FABCYCLE then emerged in 2017 as an alternative solution to that gap. Before its launch, McKenzie experimented with different business models to find the one that would allow her to marry sustainability with business. She didn’t want to manage a service that would simply follow the “business as usual” attitude considering the magnitude of the environmental crisis.
So, FABCYCLE is a B2B and B2C service that works directly with fashion designers, artists, factories, and schools to collect textile waste left over from the apparel production process. Some of this “waste” is still in good condition, so the ReUSE Centre redistributes it among consumers in the Vancouver artist community. These discarded pieces of fabric have been upcycled and revived by the community as hair scrunchies, tote bags, and punching bags–items for everyday use.
“Fabric scraps have no resale value in stores and there was no system to deal with the waste in an environmentally friendly way, so I wanted FABCYCLE to function as the link between stores that throw materials away and the creative community that needs them,” says McKenzie.
What is McKenzie’s take on the sustainability movement now, five years into work? “In the apparel industry, sustainability is definitely becoming more of a mindset than a trend. There’s more awareness of that and how a circular economy benefits both businesses and the environment. Big companies are even acting on it now and training employees on its principles. So, I think the sustainable mindset is here to stay, but the problem is that we’re still very behind on productive action.”
One of the reasons behind this problem is that sustainable resources and materials are expensive. It’s hard for businesses to get behind sustainable practices when they can’t afford them.
“Sustainability is a privilege,” admits McKenzie. “It’s not ideal, but the privilege is in the buying—the ownership—of resources. Right now, the sad truth is that sustainable clothing materials cost more than regular ones. Many of my clients are students and emerging designers and they’re broke, so those materials aren’t available to them.”

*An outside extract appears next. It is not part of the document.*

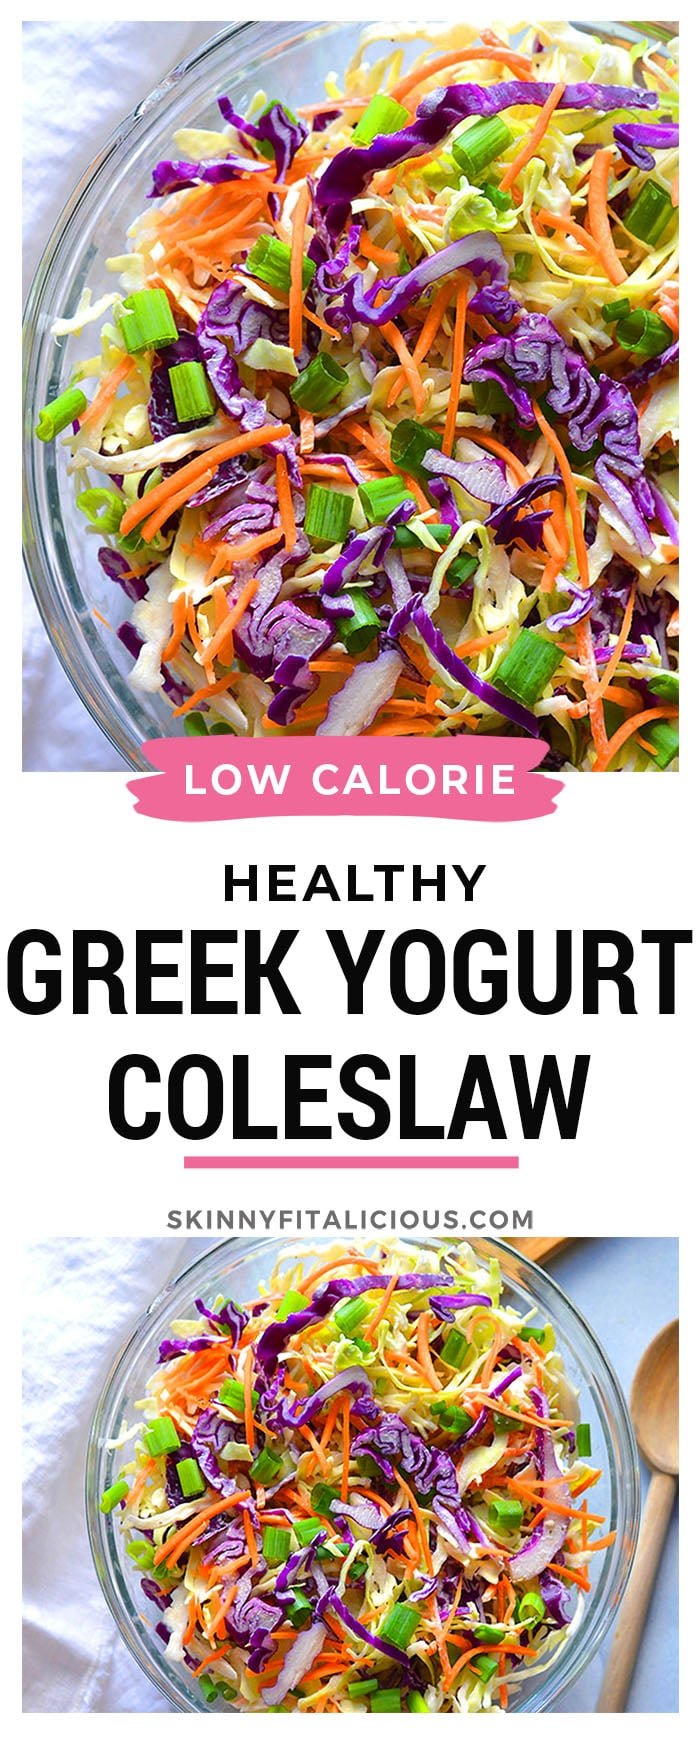 Healthy Low Calorie Coleslaw made with Greek yogurt instead of mayo and no added sugar. This simple, healthy coleslaw recipe is bursting with vegetables and nutrients while being lower in calories and fat.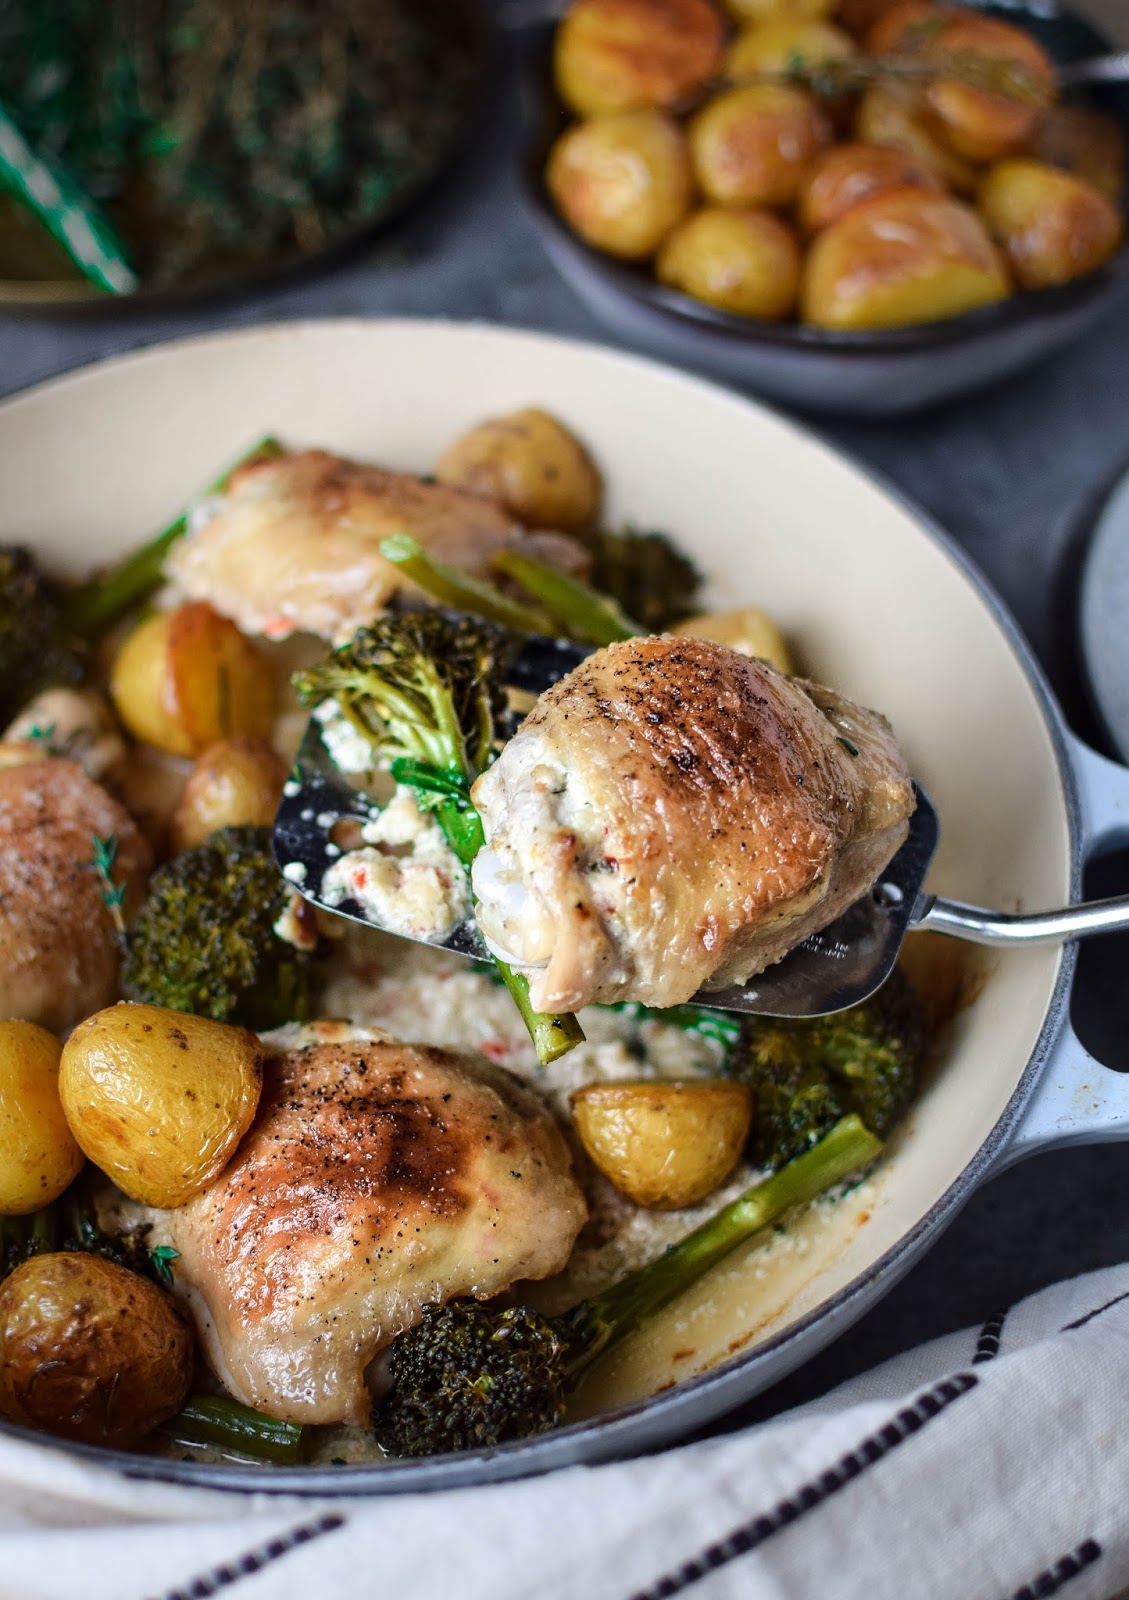 These blue cheese and chilli stuffed chicken thighs are the ultimate weekend lunch dish. This one pan recipe is super simple to throw together without scrimping on taste. Serve with some roasted new potatoes for a decadent treat.

McKenzie’s next steps are focused on getting the word out about the available resources at the ReUSE Centre and connecting with more artists and creatives to make use of these fabrics. If you’re interested in learning how to repair your own clothes or ways fabric waste can be a useful resource, you can find her facilitating Frameworq’s fix-it events at various Vancouver Public Library locations or chatting with clients at FABCYCLE’s ReUSE Centre in Chinatown.